Main image of article Weekend Roundup: Google Cardboard, Microsoft's Mobile Failure, OpenAI

You did it! You made it to the weekend! Before you log off your machine and spend the next 48 hours playing “Death Stranding” (it’s weird… really weird), let’s check out some of the tech news this week you might have missed.

Google Cardboard Sent Off to the (Open Source) Farm

Back in 2014, a bunch of Google engineers came up with a fascinating concept: Why not build a virtual reality (VR) headset out of literally the cheapest materials possible? The result was Google Cardboard, which for a shining moment seemed like it would truly bring VR to the masses. You didn’t even need to buy one of the cardboard “devices” from Google; with a set of easy-to-follow instructions, you could build one yourself.

However, Google Cardboard had a drawback that ultimately doomed it as a product. Since it was only a cardboard holder for your smartphone (along with a pair of lenses that made the content on your smartphone’s screen seem 3D and immersive), there was a lack of control; you could watch video, but couldn’t play games or really engage with a VR app.

Nonetheless, Google managed to ship 15 million Cardboard units, introducing many folks to VR for the first time. And now, even as the very concept of smartphone-based VR seems to be fading away, Google has released Cardboard’s software to the open-source community. If you’re interested, check out the associated GitHub repo, as well as the documentation.   
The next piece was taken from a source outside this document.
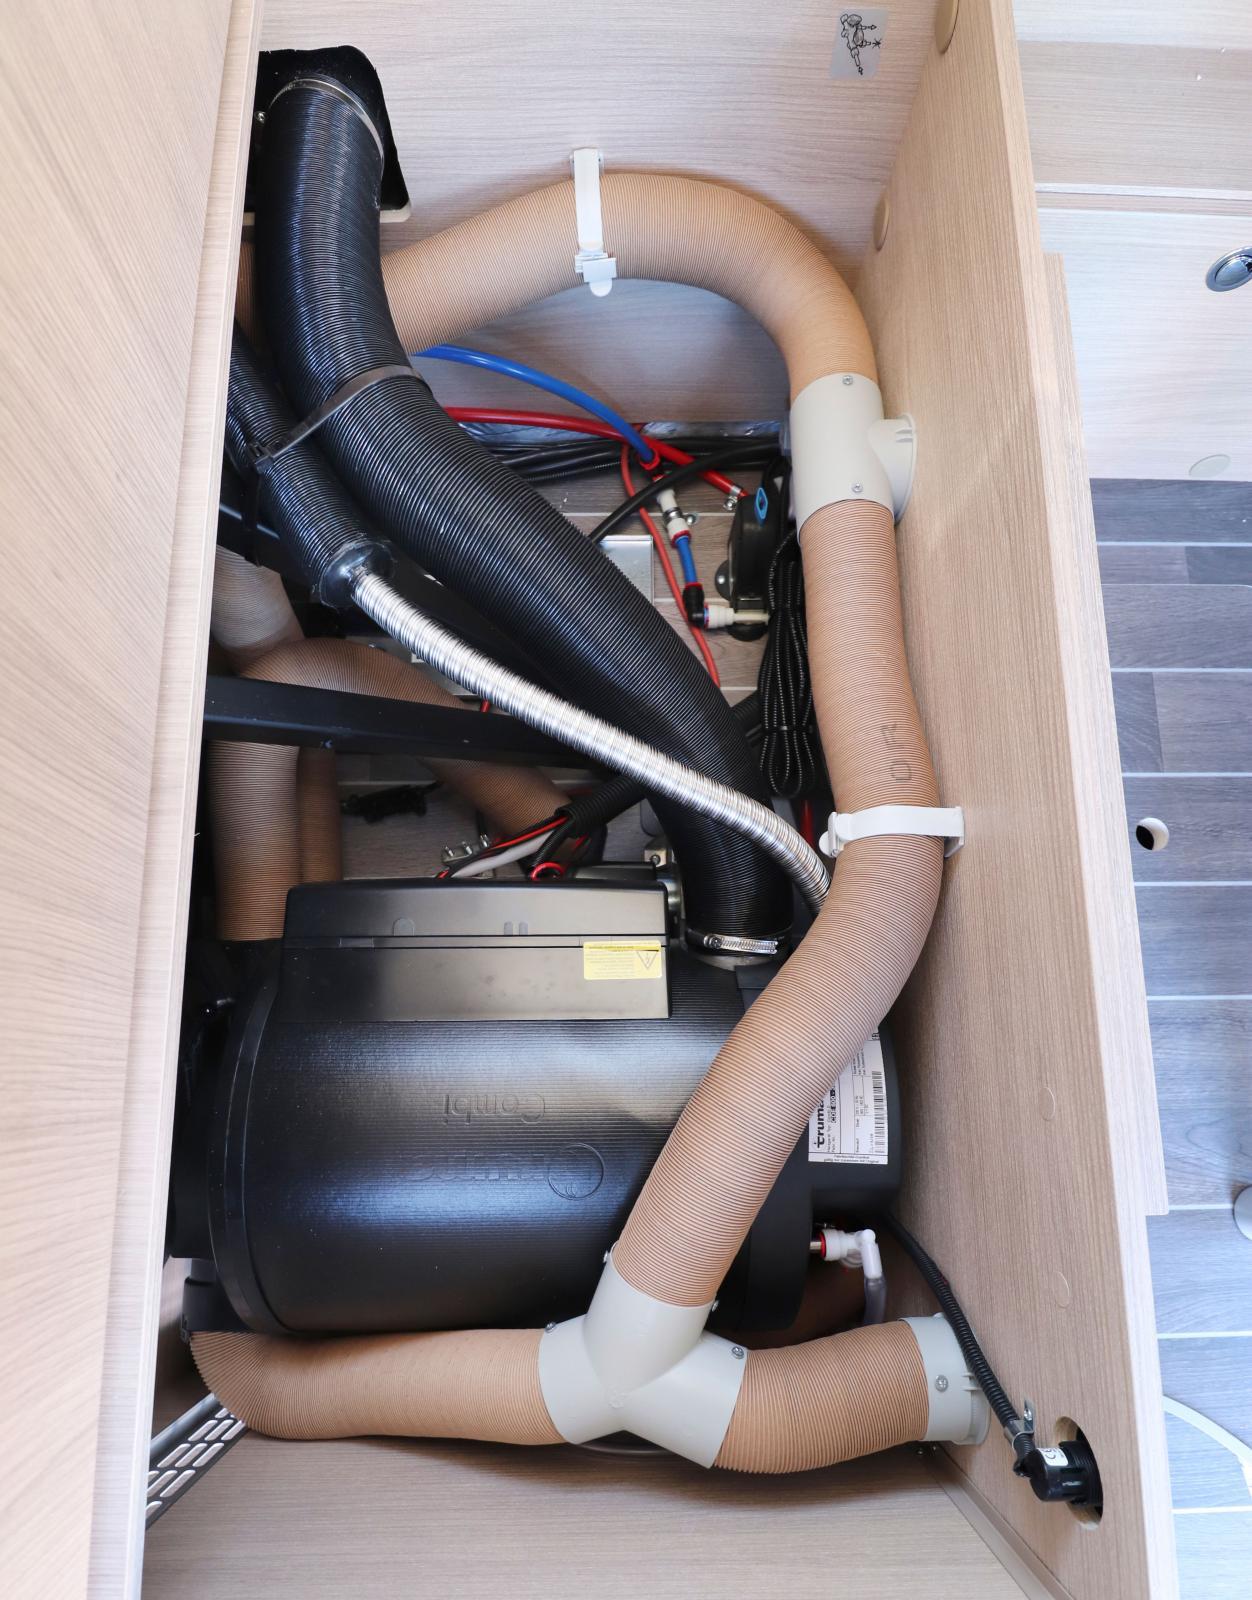 Dieselpanna med elpatron. Fricamparens dröm, nästan obegränsat med bränsle!

“We're releasing libraries for developers to build their Cardboard apps for iOS and Android and render VR experiences on Cardboard viewers,” Google wrote in an associated blog posting. “The open source project provides APIs for head tracking, lens distortion rendering and input handling. We’ve also included an Android QR code library, so that apps can pair any Cardboard viewer without depending on the Cardboard app.”

Google also promised that it would continue to contribute to the project with new features, “including an SDK package for Unity.” In other words, although Cardboard was an interesting experiment, keeping it alive is now the job of the broader tech community.
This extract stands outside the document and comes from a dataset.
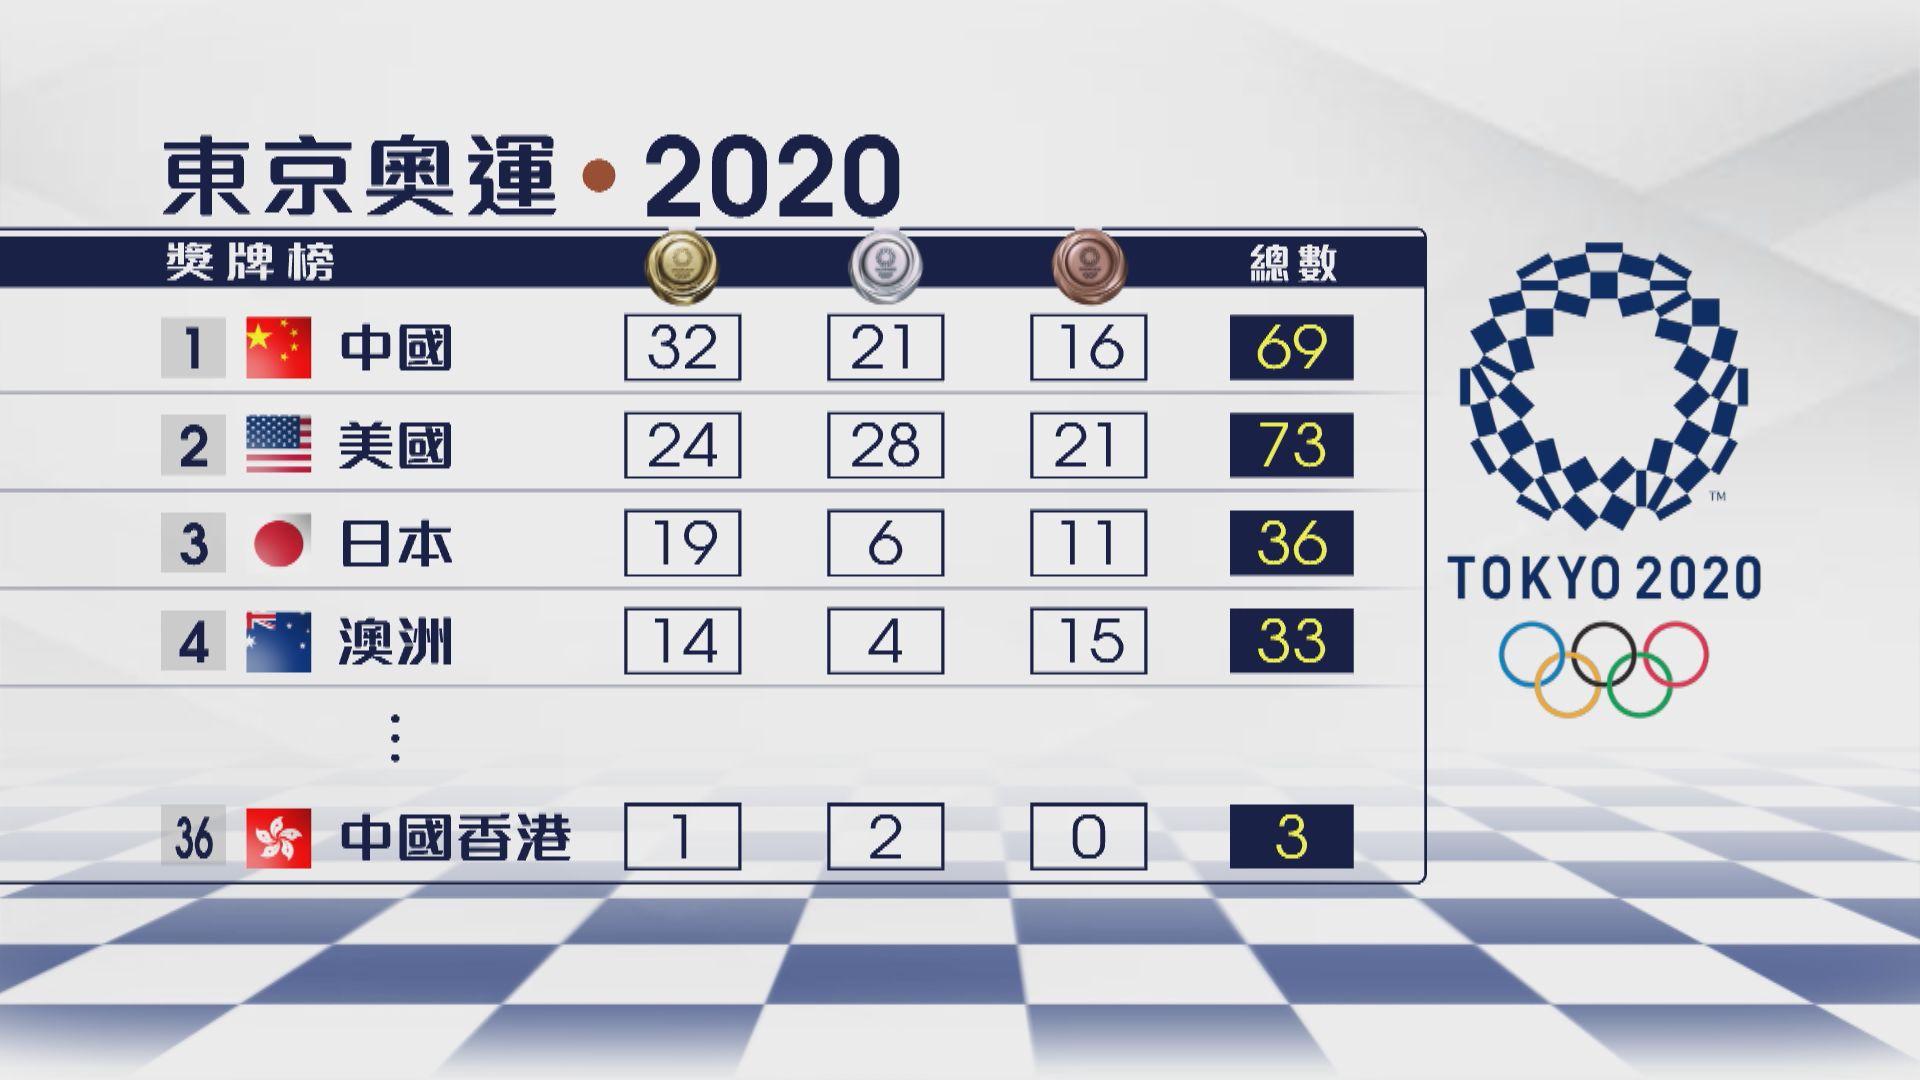 【奧運獎牌榜】國家隊增三金繼續領先 港隊排36位

Bill Gates: Microsoft Could Have Whacked Android

In the “hope springs eternal” category, Bill Gates is insisting that Microsoft’s smartphone operating systems could have eventually challenged Android for mobile-device supremacy.

“There’s no doubt that the antitrust lawsuit was bad for Microsoft, and we would have been more focused on creating the phone operating system and so instead of using Android today you would be using Windows Mobile,” Gates told an audience at the New York Times DealBook Conference (hat tip to The Verge for the coverage). “If it hadn’t been for the antitrust case... we were so close, I was just too distracted. I screwed that up because of the distraction.”
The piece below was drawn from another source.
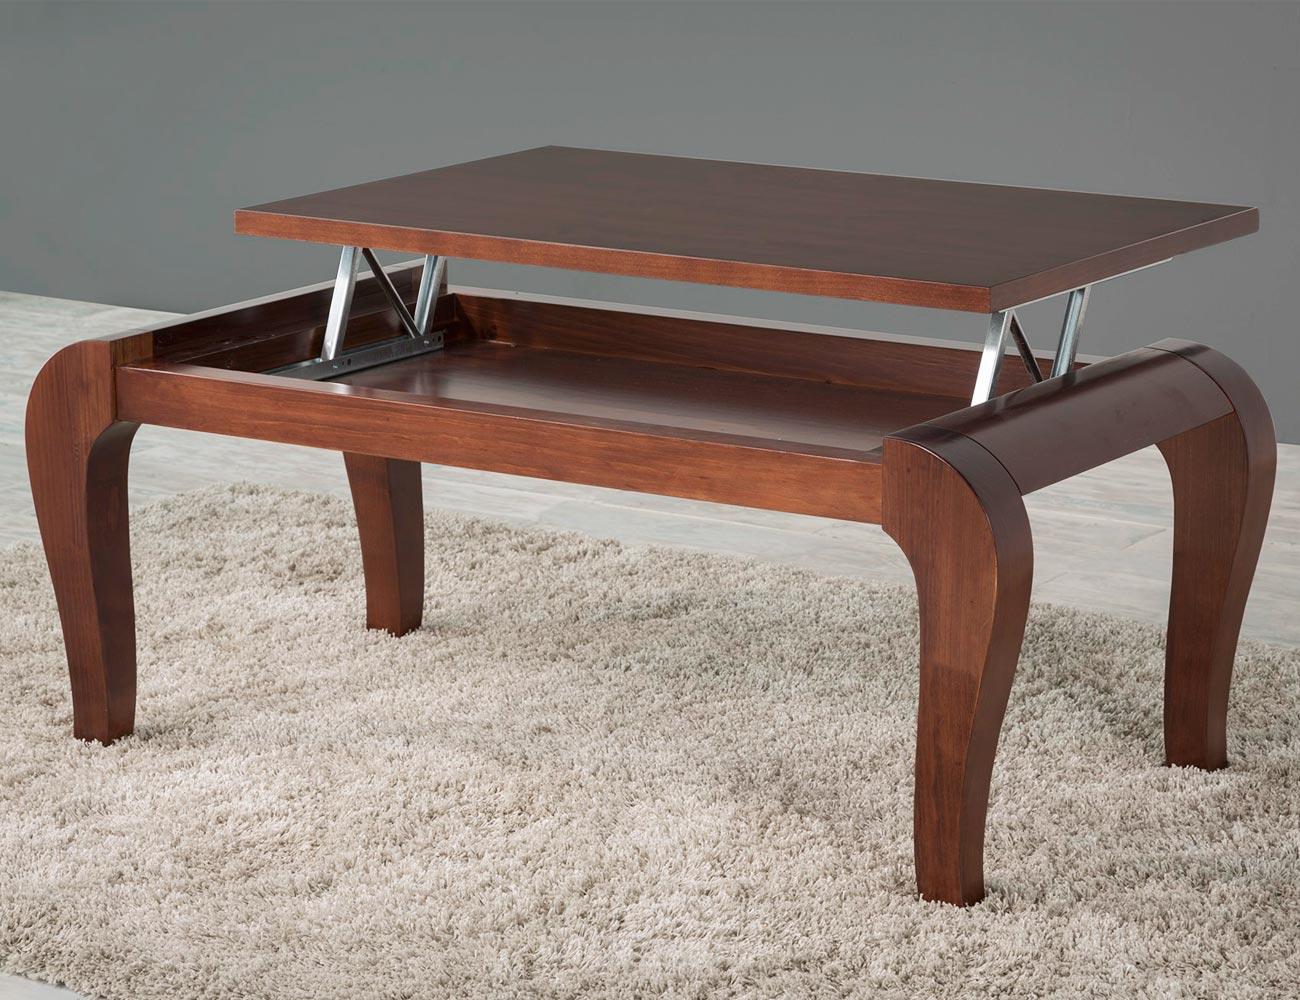 H 63 mesa centro pata isabelina tapa elevable madera3

It’s a weird revisionist take on history. Anyone who covered mobile during the crucial years bracketing Apple’s launch of the iPhone will tell you that Windows Mobile had a significant share of the phone market circa 2007. However, Microsoft (then under the command of CEO Steve Ballmer, not Gates) failed to move quickly enough to produce an iOS-like operating system. By the time Windows Phone rolled out, in 2010, both iOS and Android had a lock on the market.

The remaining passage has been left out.